St Michael's Abbey
- St Michael's Abbey, Antwerp, engraved after Peter Paul Rubens
- Interactive map of St Michael's Abbey

Monastery information
- Other name: Abbatia Sancti Michaelis Antverpiae
- Order: Premonstratensian
- Established: 1124
- Disestablished: 1795

People
- Founder: Norbert of Xanten

Architecture
- Status: suppressed 1795
- Functional status: demolished 1831

= St. Michael's Abbey, Antwerp =

St Michael's Abbey in Antwerp was a Premonstratensian abbey founded in 1124 by Norbert of Xanten and laid waste during the French Revolutionary Wars. In 1807 a semaphore station was installed in the tower of the church. The buildings were demolished in 1831.

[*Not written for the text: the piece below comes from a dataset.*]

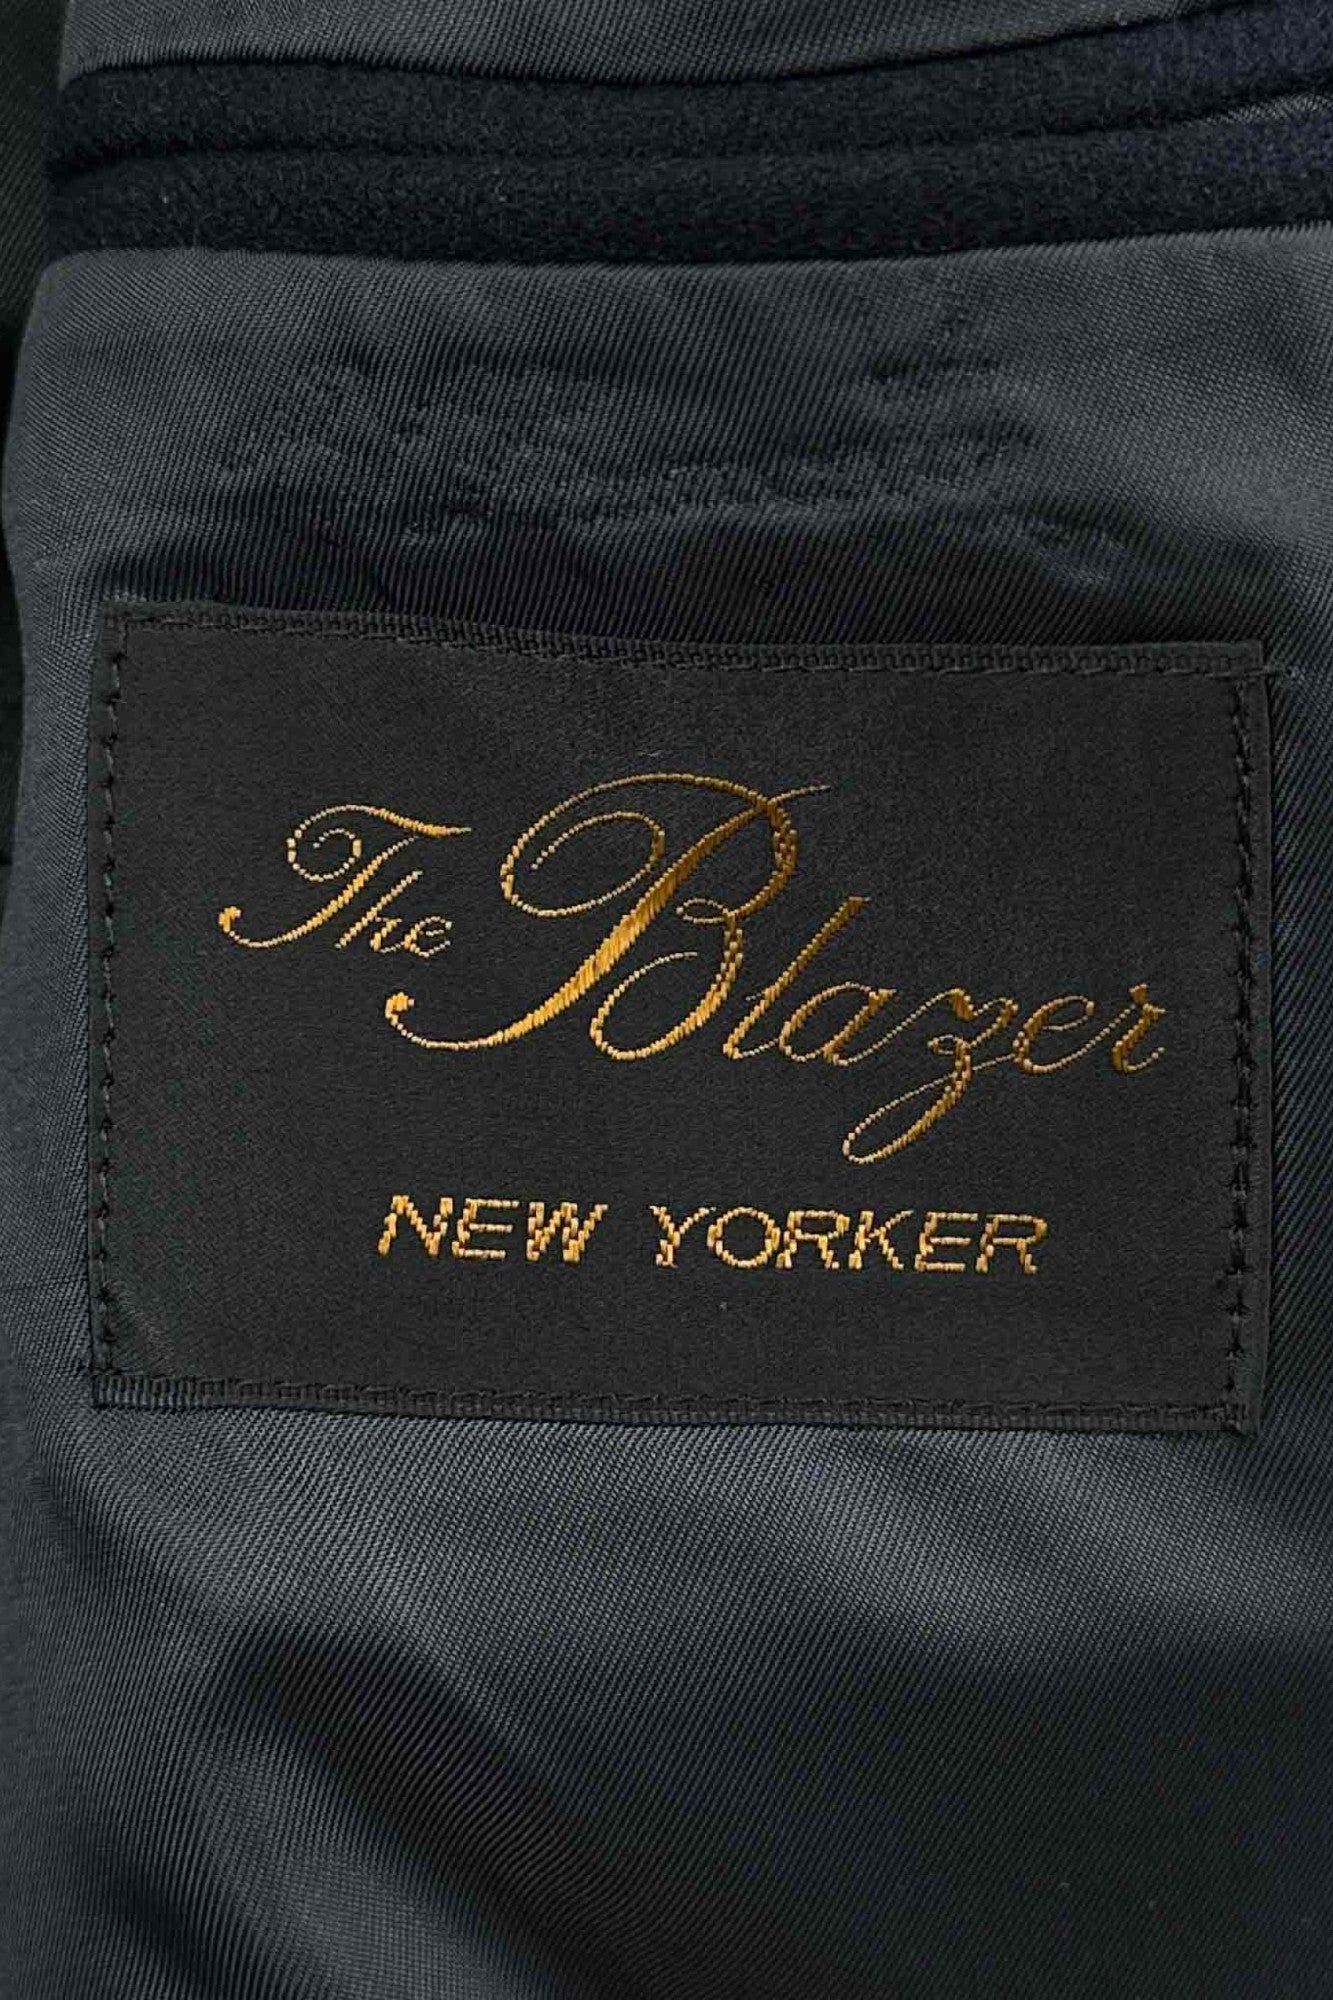 NEWYORKER navy wool jacket
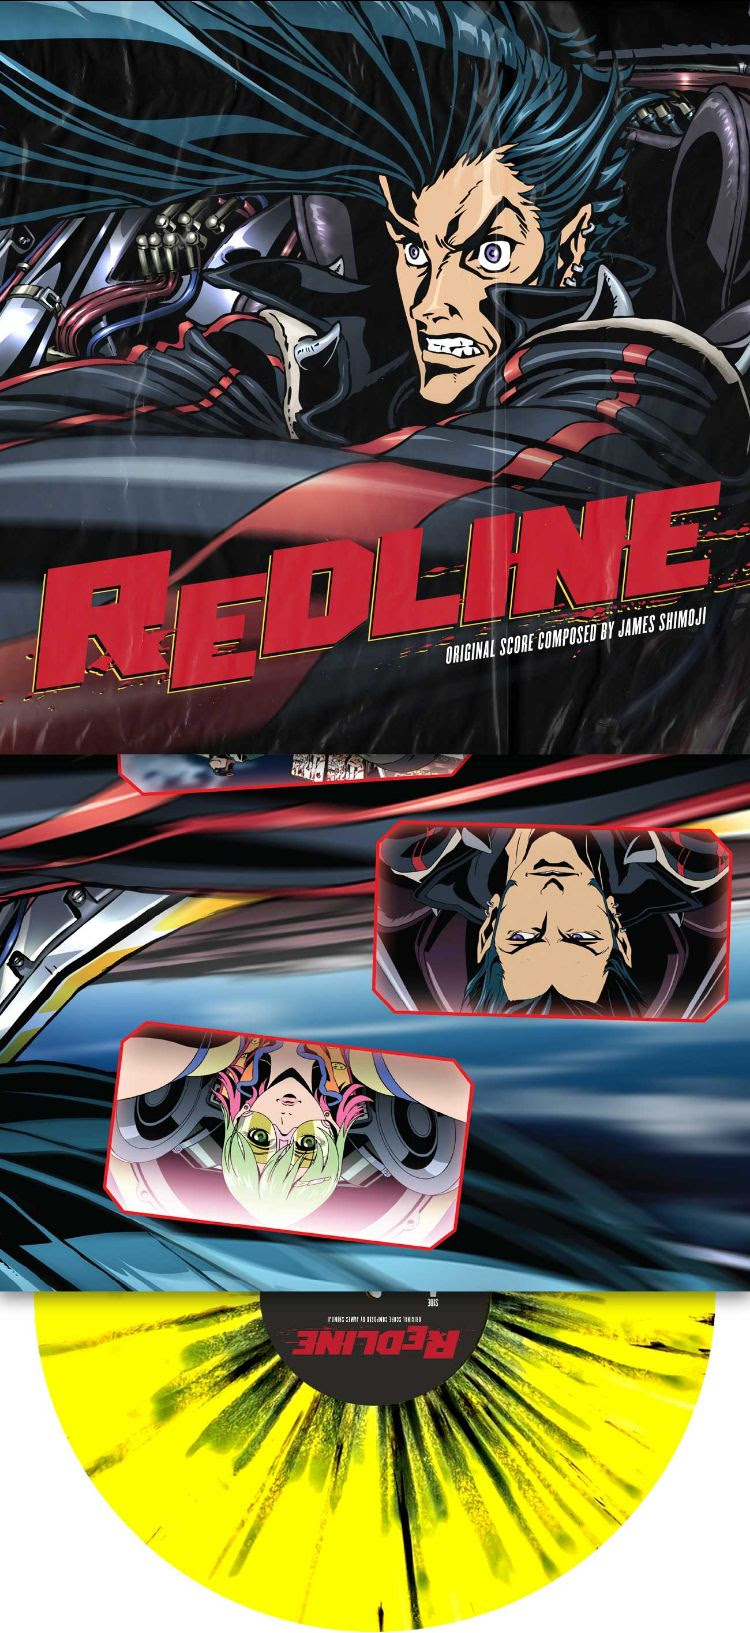 Crunchyroll - Redline Anime Film's Vinyl Soundtrack Pre-Orders Rev Up Today

The abbey has been described as "one of the key churches and most significant monuments in Antwerp from its foundation in the 12th century to its destruction in the nineteenth."

==History==
Until 1124 a collegiate church dedicated to Saint Michael and served by 12 secular canons was the only parish church in Antwerp. In 1124 the chapter was reformed by St Norbert as a Premonstratensian abbey. The abbey buildings stood between what are now the streets Kloosterstraat and Sint-Michielskaai, and Sint-Jansvliet in the north and the Scheldestraat (Kronenbrugstraat) in the south.

The abbey obtained large tracts of land in and around Antwerp, such as the lordships of Kiel and Beerschot, the land of Haringrode and Zurenborg, and as late as 1674 Berendrecht and Zandvliet, which helped shape the ultimate territory of Antwerp.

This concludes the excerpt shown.